This past Tuesday, Nov. 9, the Student Disability Center and the Counseling Center hosted a workshop for Autism Awareness. Hosted by Luke Hart and Kimberly Arauz, the workshop gave an overview of some of the common symptoms of Autism, and how Autism is misunderstood by many.
Those with Autism usually experience some sort of deficit in social communication and interaction. This means that when a person is on the spectrum, they sometimes experience a failure of social reciprocity: the back-and-forth nature of conversation. For example, one of my friends (who will not be named for confidentiality purposes) has Autism, and whenever I ask him “what’s up,” he says “fine,” and walks away. People who aren’t familiar with this aspect of ASD (Autism Spectrum Disorder) might misinterpret this as rude. My friend isn’t being rude by not asking me how I am; it just does not click with him.

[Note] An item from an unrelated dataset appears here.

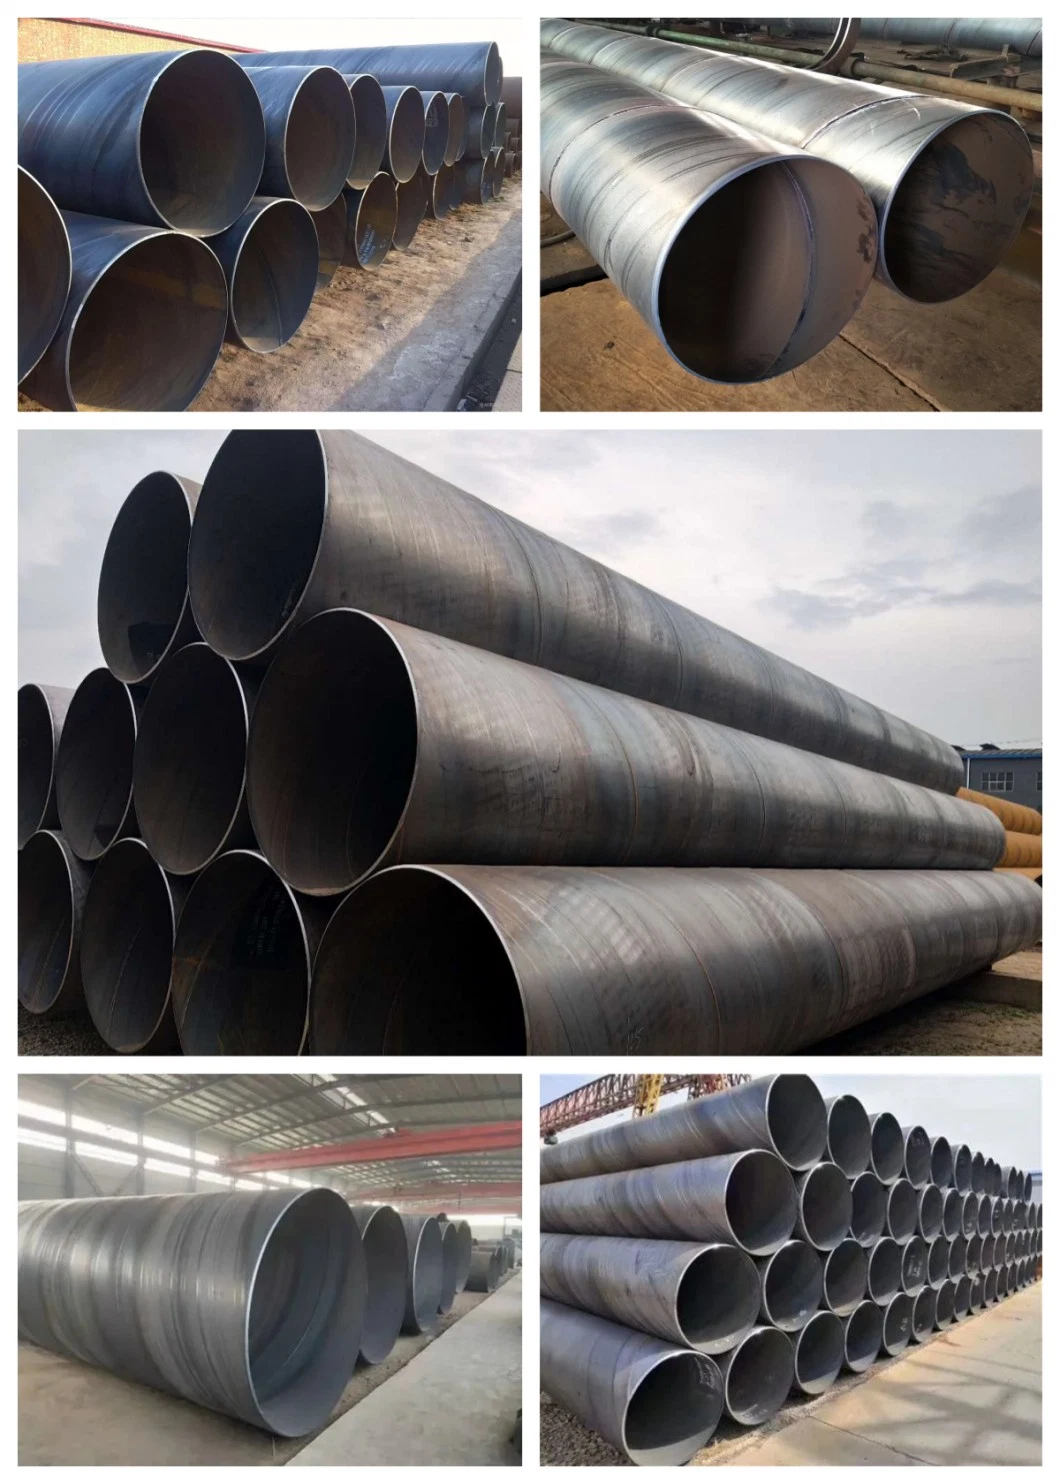 Spiral Welded Pipe Helical Welded Pipe Spiral Steel Pipe As1163 /C350/API /5CT Pipe Good Weldability High Dimensional Accuracy Pipe

People with Autism will also experience restricted or repetitive patterns of behavior, interests, or activities. People with these symptoms will often pick things to obsess over. For the main character in Atypical, a Netflix series where the main character has autism, it is penguins. For the friend I mentioned before, it has changed in his life. At one point, he was all about Titanic, and, currently, he is really into horror films. This is one of the ways my friend and I really connected. After school, I used to go over to his house, and we would pick a movie to watch. Because of him, I have watched so many great movies.

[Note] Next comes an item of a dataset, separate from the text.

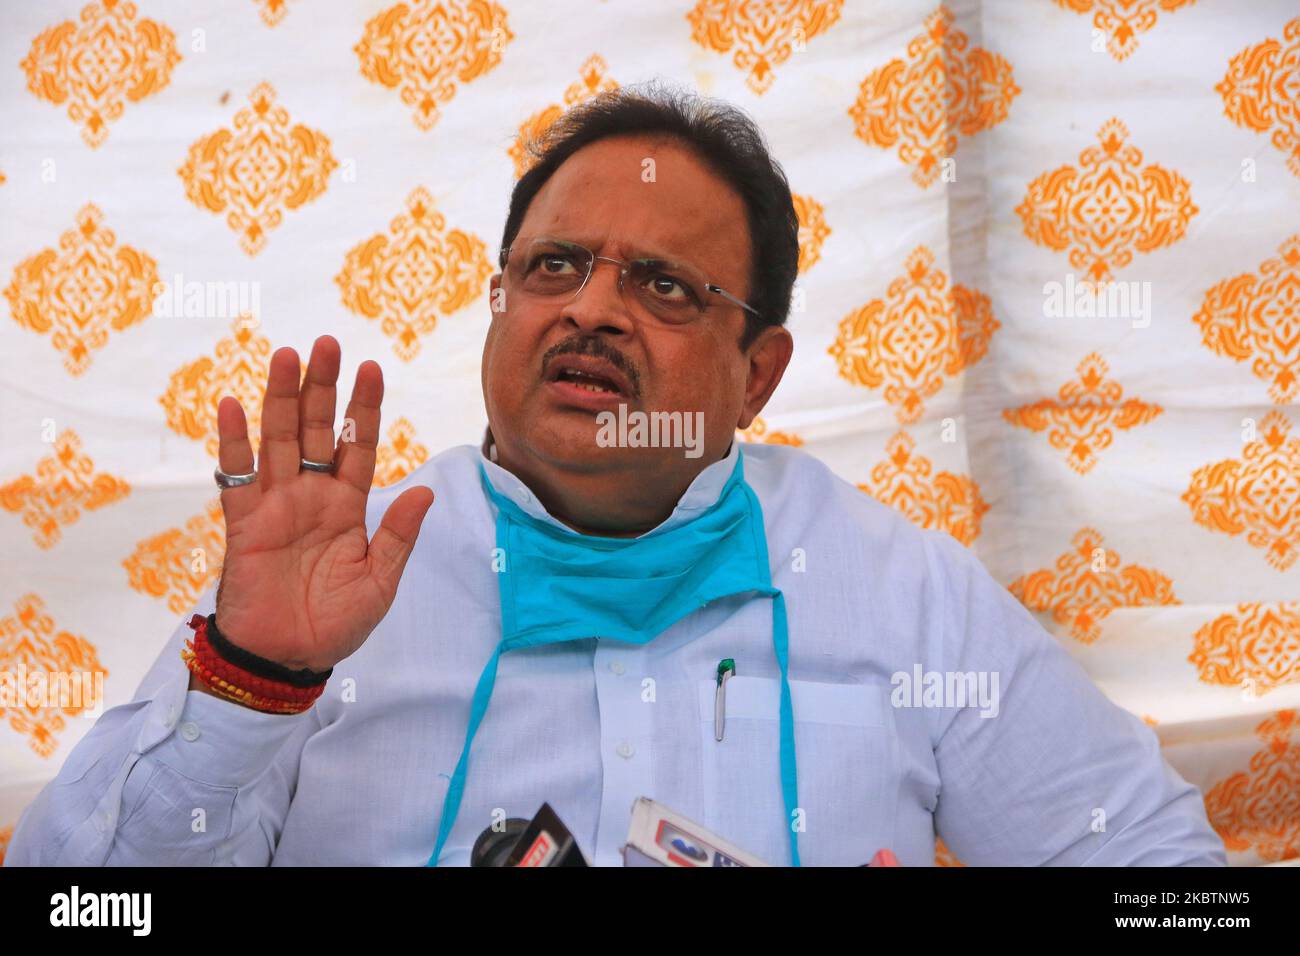 Rajasthan Health Minister Raghu Sharma addresses media over the MLAs horse trading and congress party politics crisis , outside a hotel where Congress leaders and MLA are staying in Jaipur, Rajasthan, India, on July 16, 2020. (Photo by Vishal Bhatnagar/NurPhoto) Stock Photo

People on the spectrum will also sometimes experience tactile sensitivity; certain textures can trigger people with ASD. Some will have auditory sensitivity. There is a lot of variety, which is why autism is on a spectrum. People with autism have varying levels of functioning and symptoms.
Unfortunately, our friends on the spectrum face a lot of stigma. Our friends’ behavior might be misinterpreted as rude, or weird because they’re unaware of personal boundaries, and people in general are unsure of how to communicate with those diagnosed with ASD. There are crucial ways to be an ally to someone with ASD:
- Be Patient
- People with ASD will sometimes need more time processing different stimuli.
- Discuss Their Interests
- If you wanted to start a conversation with Sam from Atypical, for example, you would talk about penguins.
- Communicate Clearly
- Do not beat around the bush. Be very clear, and, again, be patient.

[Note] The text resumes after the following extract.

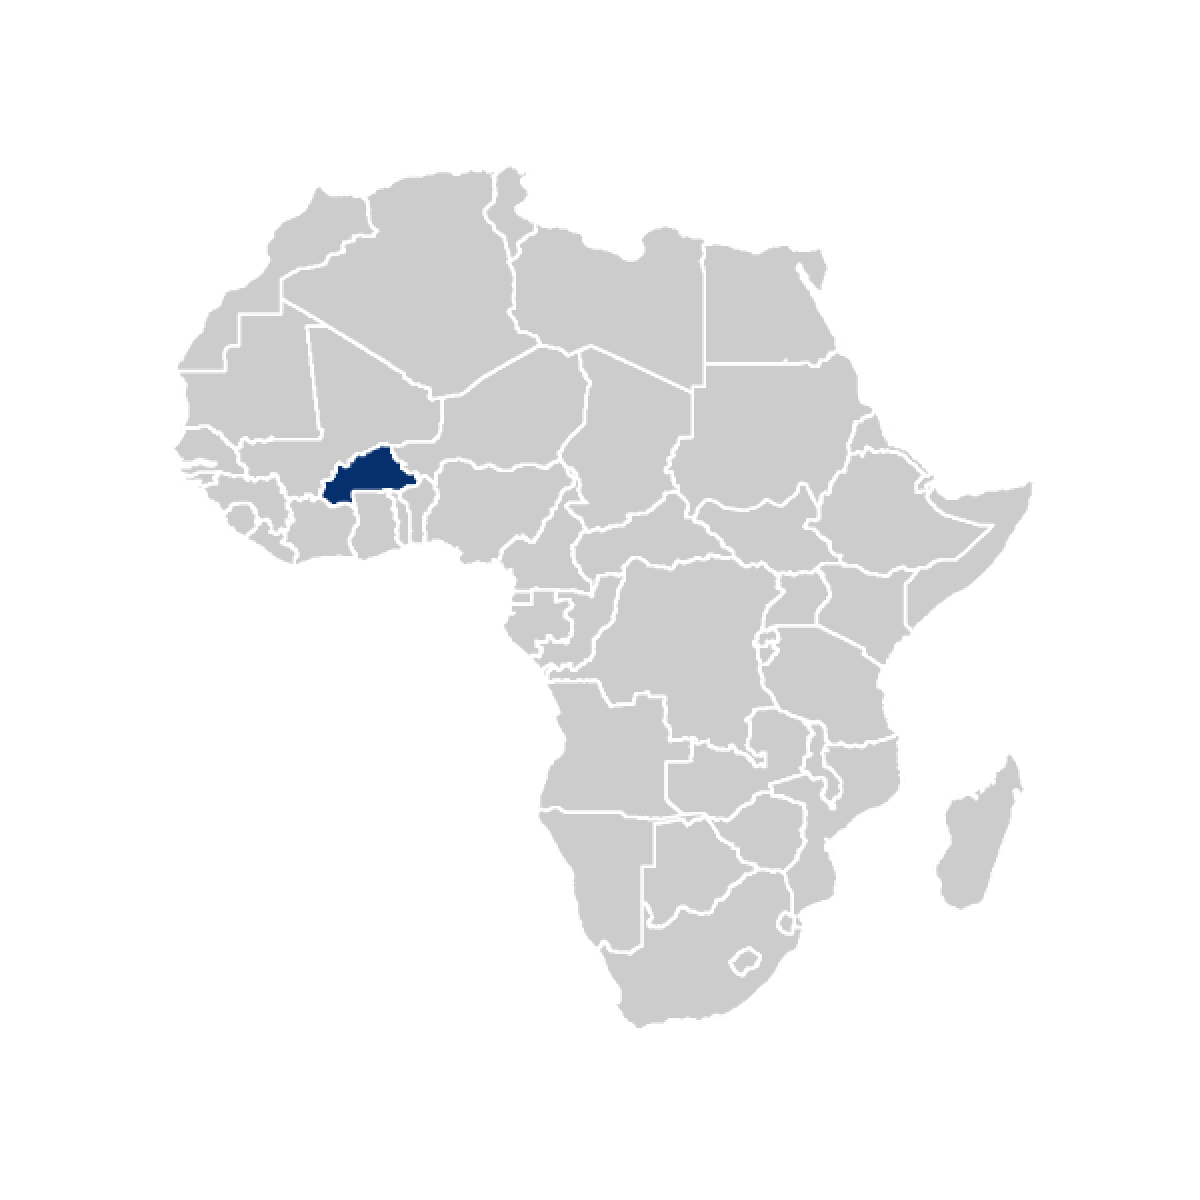 Burkina Faso highlighted in map of Africa

- Respect Sensory Differences
- For example, when I go to Disneyland with my friend, we bring headphones to help drown out loud noises.
- Do Not Assume An Intellectual Disability
- According to the presentation, many people with ASD have a normal to high IQ.
- Stand Up For Them
- If you see someone being rude to a person on the spectrum, say something.
The Student Disability Services Center and the Counseling Center are here for our Poets with ASD.